根據pos與定位到的mappedFile,取出相應的數據存入byteBuffer,並將數據封裝在SelectMappedBufferResult中返回。

然後調用了checkMessageAndReturnSize,解析讀出的數據封裝成DispatchRequest並返回。如果成功,且消息的大小大於0,那麼調用doDispatch方法分發消息至consumequeue,index文件。

    public void doDispatch(DispatchRequest req) {
        for (CommitLogDispatcher dispatcher : this.dispatcherList) {
            dispatcher.dispatch(req);
        }
    }
可以看到遍歷dispatchList元素分別調用對應的dispatch方法,在DefaultMessageStore的構造中可以看到dispatchList。
        this.dispatcherList = new LinkedList<>();
        this.dispatcherList.addLast(new CommitLogDispatcherBuildConsumeQueue());
        this.dispatcherList.addLast(new CommitLogDispatcherBuildIndex());
其中consumequeue,index分別對應CommitLogDispatcherBuildConsumeQueue與CommitlogDispatcherBuildIndex。
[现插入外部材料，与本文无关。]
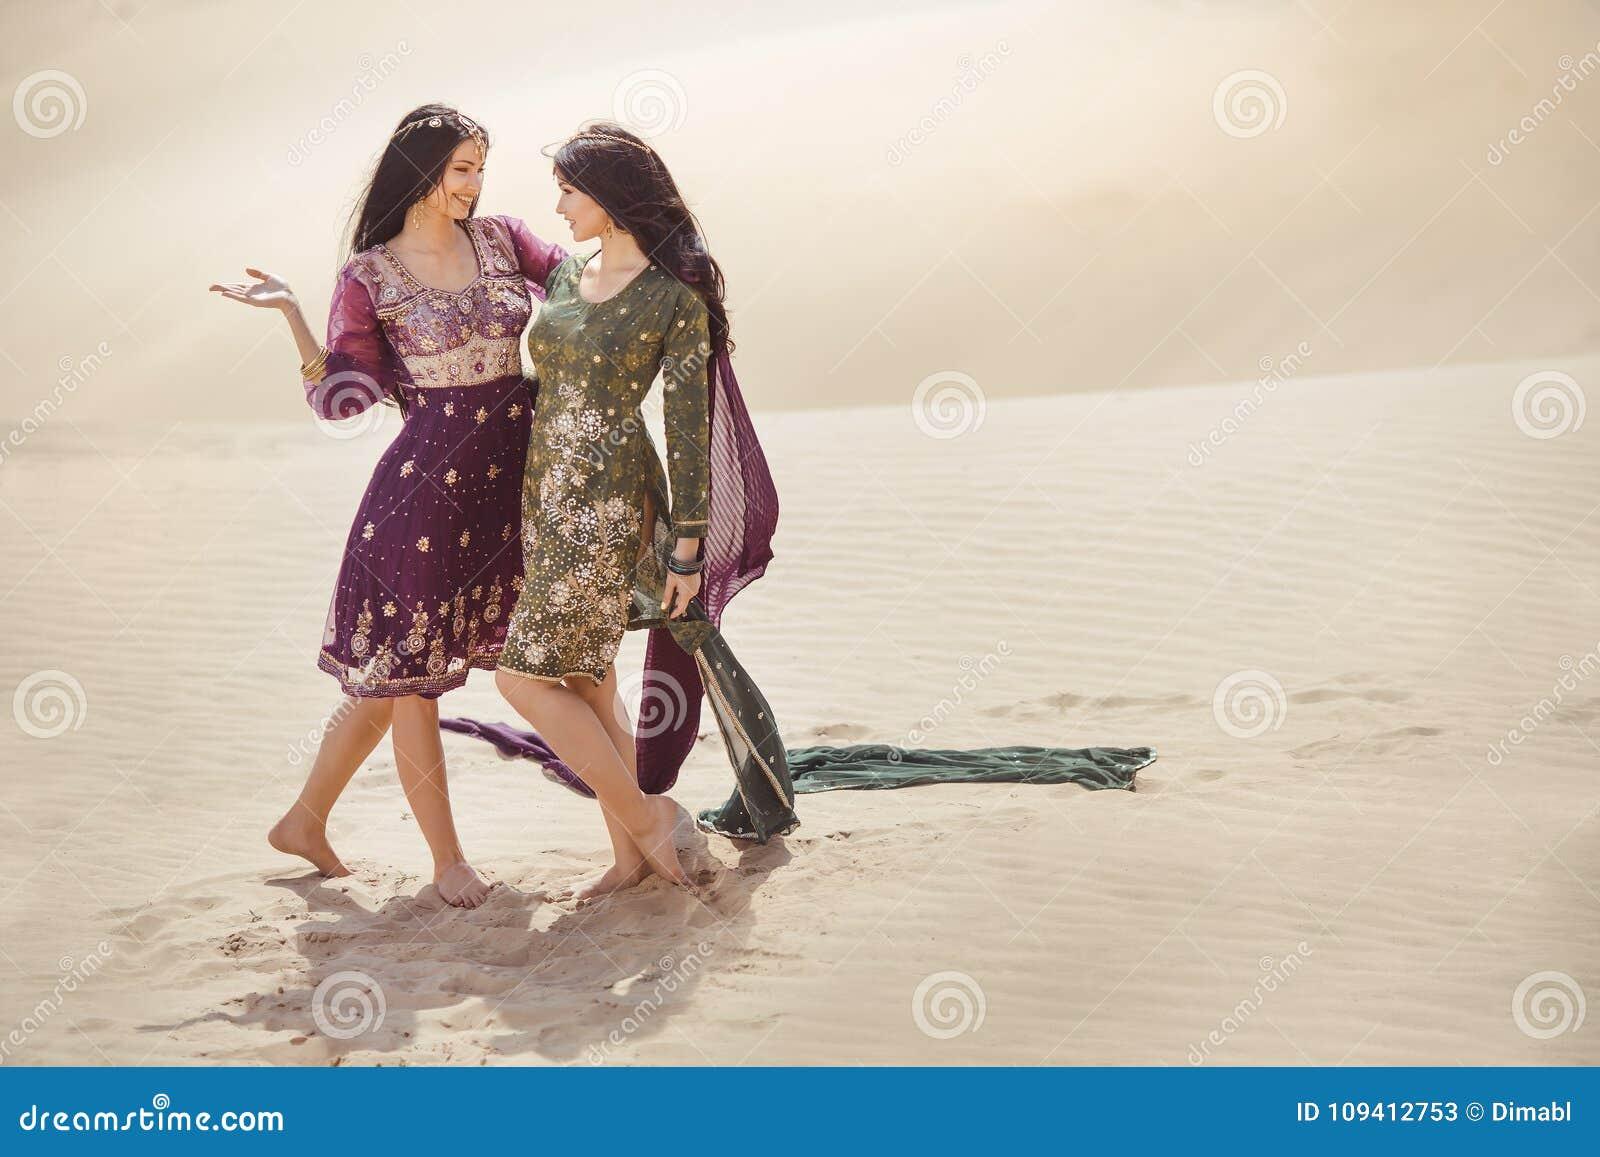 Women in desert landscape. Travel concept.

我們先從CommitLogDispatcherBuildConsumeQueue開始分析。
    class CommitLogDispatcherBuildConsumeQueue implements CommitLogDispatcher {

        @Override
        public void dispatch(DispatchRequest request) {
            final int tranType = MessageSysFlag.getTransactionValue(request.getSysFlag());
            switch (tranType) {
                case MessageSysFlag.TRANSACTION_NOT_TYPE:
                case MessageSysFlag.TRANSACTION_COMMIT_TYPE:
                    DefaultMessageStore.this.putMessagePositionInfo(request);
                    break;
                case MessageSysFlag.TRANSACTION_PREPARED_TYPE:
                case MessageSysFlag.TRANSACTION_ROLLBACK_TYPE:
                    break;
            }
        }
    }
核心的方法putMessagePositionInfo
    public void putMessagePositionInfo(DispatchRequest dispatchRequest) {
        ConsumeQueue cq = this.findConsumeQueue(dispatchRequest.getTopic(), dispatchRequest.getQueueId());
        cq.putMessagePositionInfoWrapper(dispatchRequest);
    }
通過消息得到topic跟消息隊列的id從本broker的consumeQueueTable的對應的topic下的consumeQueueMap中通過消息隊列的id獲取對應的Logic消息隊列(並非真正消息隊列,僅存儲定長消息索引的抽象類)。再調用對應ConsumerQueue的putMessagePositionInfoWrapper()方法,將具體的dispatchRequest引入。
    public void putMessagePositionInfoWrapper(DispatchRequest request) {
        final int maxRetries = 30;
        boolean canWrite = this.defaultMessageStore.getRunningFlags().isCQWriteable();
        for (int i = 0; i < maxRetries && canWrite; i++) {
            long tagsCode = request.getTagsCode();
            if (isExtWriteEnable()) {
                ConsumeQueueExt.CqExtUnit cqExtUnit = new ConsumeQueueExt.CqExtUnit();
                cqExtUnit.setFilterBitMap(request.getBitMap());
                cqExtUnit.setMsgStoreTime(request.getStoreTimestamp());
                cqExtUnit.setTagsCode(request.getTagsCode());

                long extAddr = this.consumeQueueExt.put(cqExtUnit);
                if (isExtAddr(extAddr)) {
                    tagsCode = extAddr;
                } else {
                    log.warn("Save consume queue extend fail, So just save tagsCode! {}, topic:{}, queueId:{}, offset:{}", cqExtUnit,
                        topic, queueId, request.getCommitLogOffset());
                }
            }
            boolean result = this.putMessagePositionInfo(request.getCommitLogOffset(),
                request.getMsgSize(), tagsCode, request.getConsumeQueueOffset());
            if (result) {
                this.defaultMessageStore.getStoreCheckpoint().setLogicsMsgTimestamp(request.getStoreTimestamp());
                return;
            } else {
                // XXX: warn and notify me
                log.warn("[BUG]put commit log position info to " + topic + ":" + queueId + " " + request.getCommitLogOffset()
                    + " failed, retry " + i + " times");

                try {
                    Thread.sleep(1000);
                } catch (InterruptedException e) {
                    log.warn("", e);
                }
            }
        }

        // XXX: warn and notify me
        log.error("[BUG]consume queue can not write, {} {}", this.topic, this.queueId);
        this.defaultMessageStore.getRunningFlags().makeLogicsQueueError();
    }

先判斷ConsumerQueue是否可寫,如果配置了消息隊列的額外信息的可寫,那麼構造ConsumeQueueExt的內部類存儲單元的CqExtUnit的實例,保存消息的bitMap、storeTime、TagsCode等信息,並加入到ConsumeQueueExt中管理。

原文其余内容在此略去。